A la toute fin du 19eme siècle apparaissent des orchestres de rue dans le quartier de la Nouvelle Orléans nommé Storyville ou était concentré et autorisé la prostitution, l'alcool et le jeu. Ces "brass bands" ou fanfares de rue étaient exclusivement composés de musiciens noirs. Elles se produisaient lors de défilés, d'enterrements ou d'événements en extérieur comme des bals ou réunions publiques.
Les influences africaines des instrumentistes noirs de ces orchestres les incitaient à intégrer de nombreuses syncopes aux marches, quadrilles et autres danses d'origine françaises jouées à l'époque dans cette ville. Ces orchestres ambulants étaient composés d'instruments transportables : trompette, trombone, clarinette, banjo ou guitare, tuba en guise de contrebasse, washboard ou tambours en guise de percussions. Certaines de ces formations que l'on nommait "spasm bands" étaient formées d'enfants jouant des instruments bricolés à partir d'objets recyclés du type tuyaux de gaz, tonneaux, bouilloires ou encore boîtes à cigares.
Charles « Buddy » Bolden (1877 – 1931) est considéré comme étant à l’origine du premier groupe de jazz de l'histoire. C’est en 1895 qu’il fonde son orchestre en mélangeant les styles de l’époque. A partir d'un répertoire de valses, mazurkas, ragtimes, blues rural, negro spirituals et musiques de défilés de rue, Bolden va rapidement créer un nouveau genre de musique en partie improvisé.
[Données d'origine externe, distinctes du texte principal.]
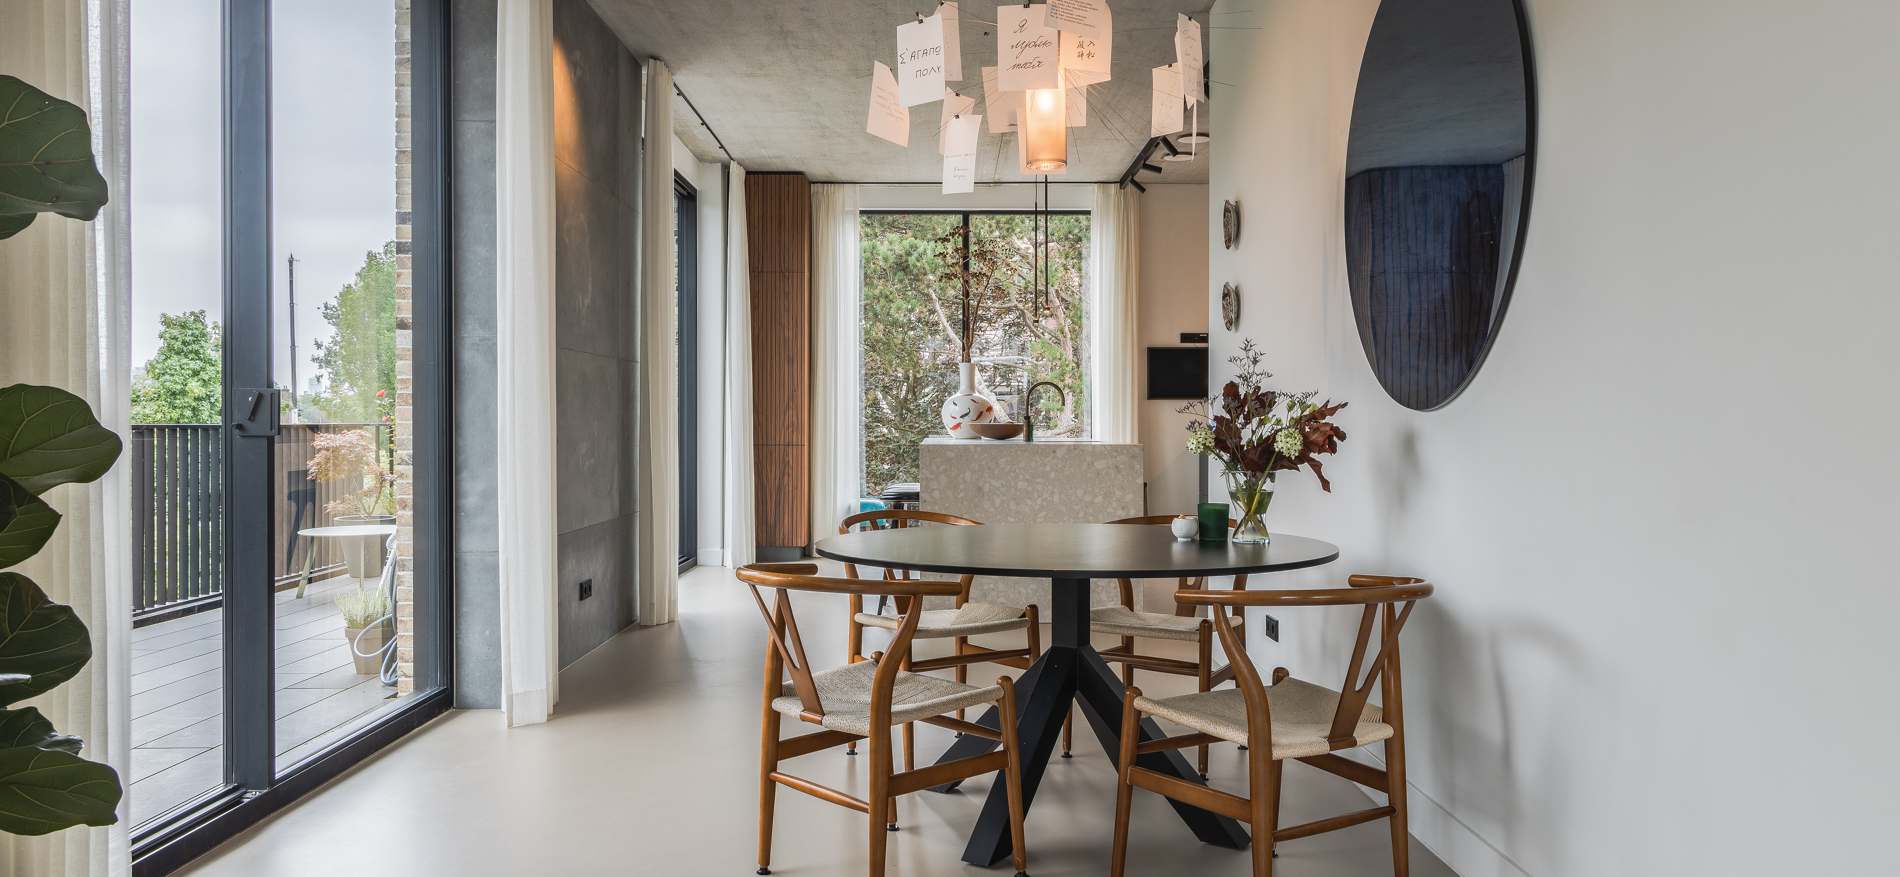 Residential house furnishing | Amsterdam (NL) - Residential Interior Design

A ce moment, dans les années 1900 - 1910, cette nouvelle musique ne porte pas encore officiellement le nom de jazz.
Le pianiste et chanteur Jelly Roll Morton fait lui aussi ses début de musicien à Storyville avant de partir pour d'autres destinations. Un autre très grand musicien issu de ce quartier, le trompettiste, chanteur, compositeur et chef d'orchestre Louis Armstrong va marquer l'histoire du jazz avec sa voix si particulière et par le fait qu'il contribue largement à l'éclosion du rythme propre au jazz :
le swing.
En 1917 le gouvernement fait fermer le quartier de Storyville, ce qui à pour conséquence de faire émigrer les musiciens désormais au chômage vers Chicago. C'est entre autre avec l'argent des gangsters dépensé dans les cabarets de cette ville que le style "New orleans" s'épanouira véritablement et élargira sa notoriété.
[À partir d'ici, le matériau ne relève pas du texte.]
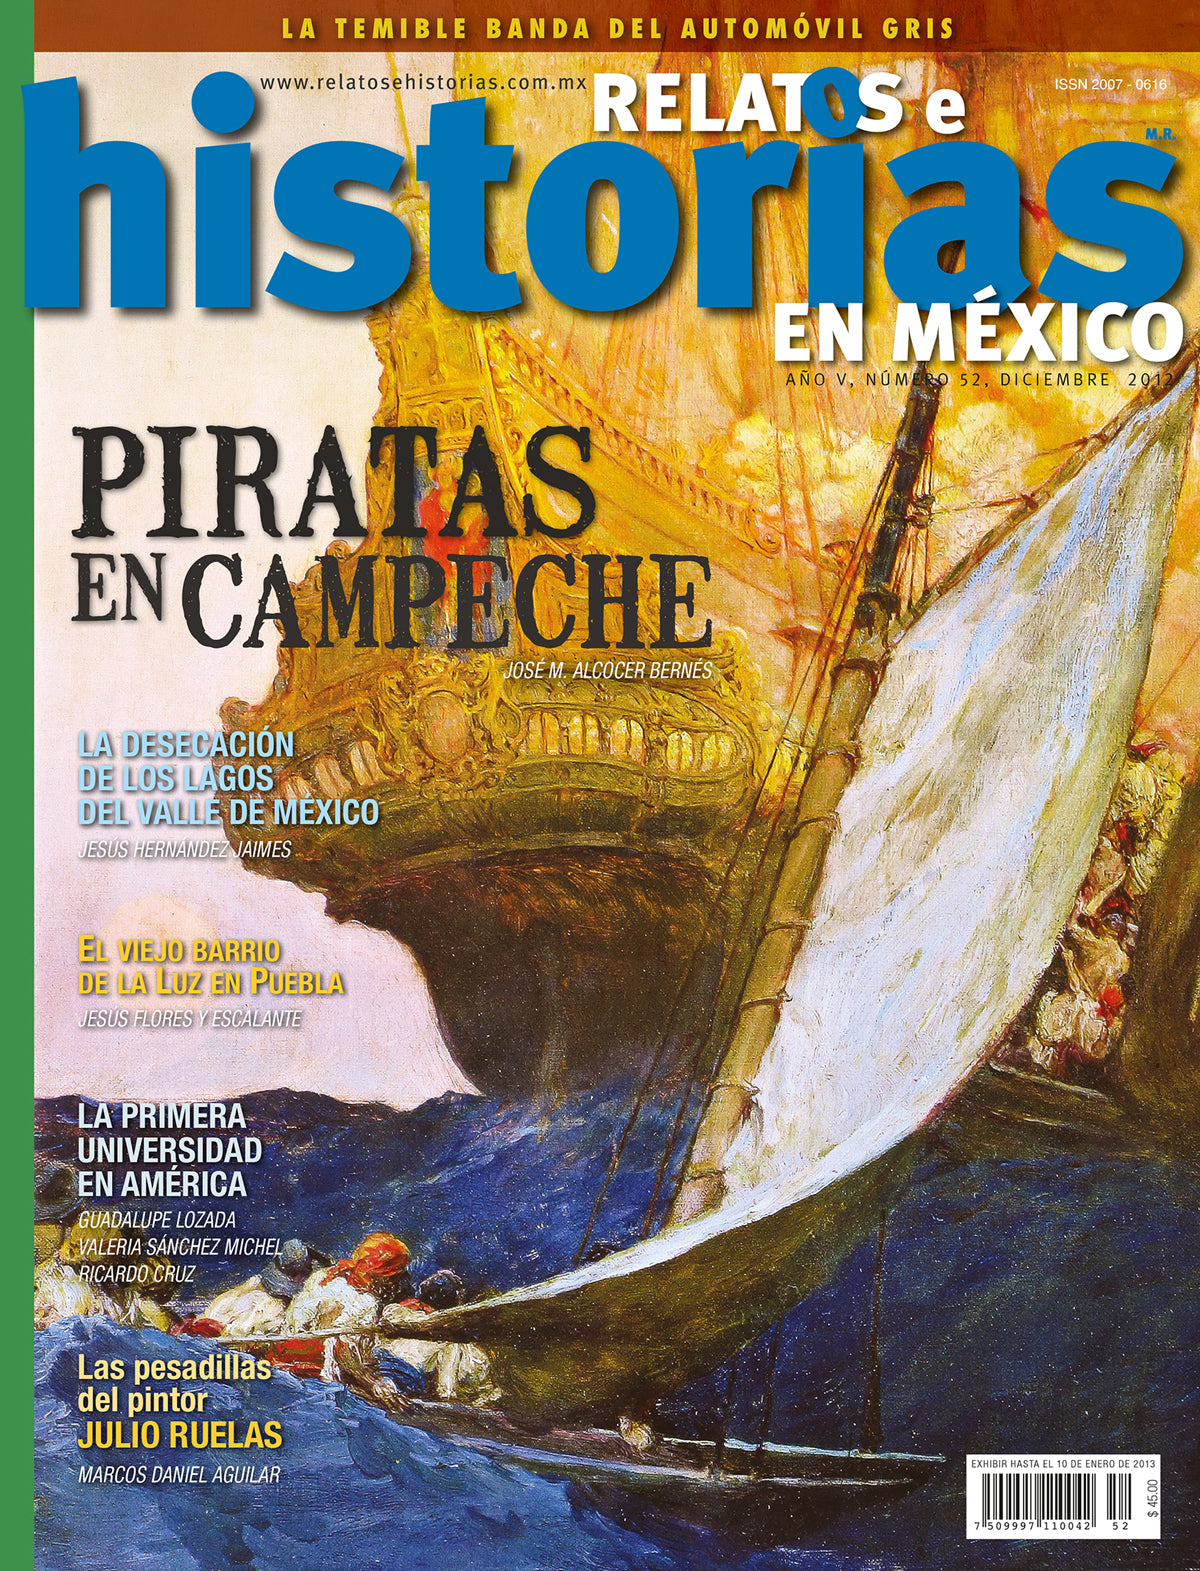 Piratas en Campeche

Du blues surgit le boogie woogie et parallèlement les musiciens empruntent et transfigurent de plus en plus les thèmes de la chanson populaire de Broadway et d'ailleurs.
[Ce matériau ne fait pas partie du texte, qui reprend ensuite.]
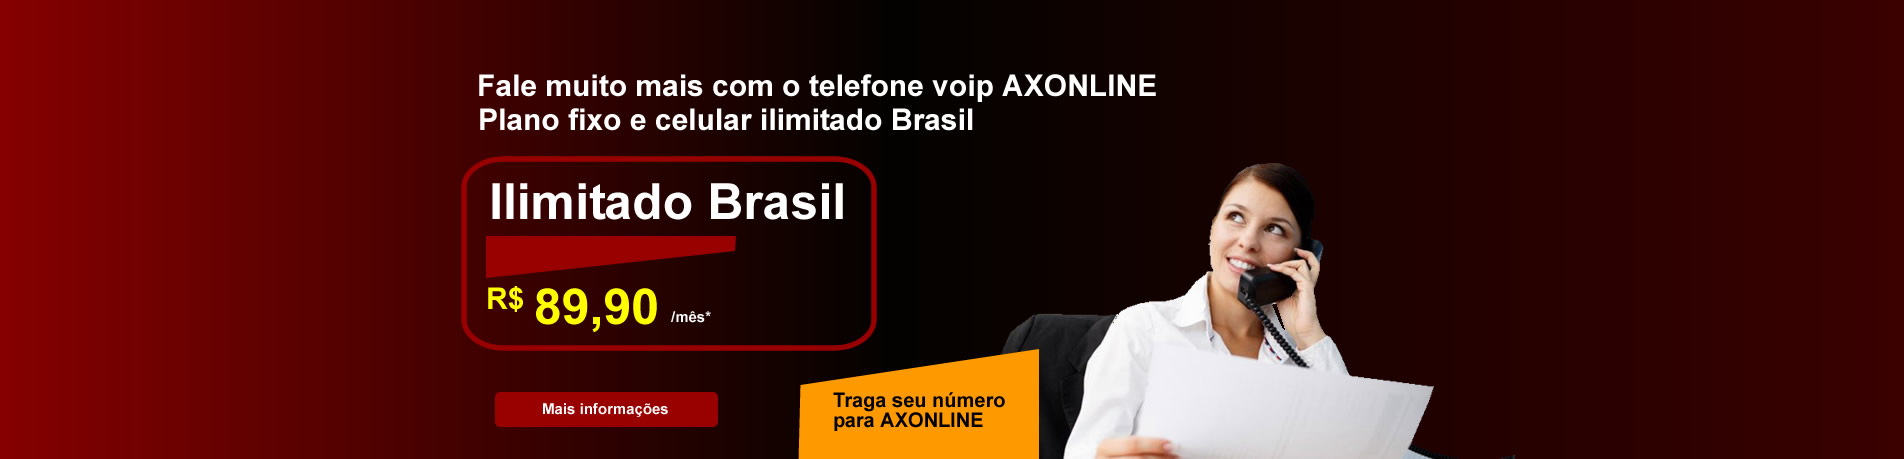 axonline banner full 1904x459 ilimitado brasil

C'est à cette même époque qu'un certain George Gershwin (1898 - 1937) se fait connaître du grand public. Ce pianiste de formation, compose de nombreuses œuvres à la frontière entre la musique classique et le jazz, formant une synthèse géniale de ces genres musicaux. Cette démarche de "fusion" musicale à ce point aboutie est quasi unique dans l'histoire de la musique. Les mélodies originales de Gershwin intègreront rapidement le répertoire des musiciens de jazz pour devenir des standards de jazz. Parmi ses compositions qui marqueront le jazz et la musique classique, nous pouvons citer la Rhapsody in Blue, Un Américain à Paris, les variations sur « I Got Rhythm », Porgy and Bess (comprenant la célèbre mélodie "Summertime") et son Concerto pour piano et orchestre.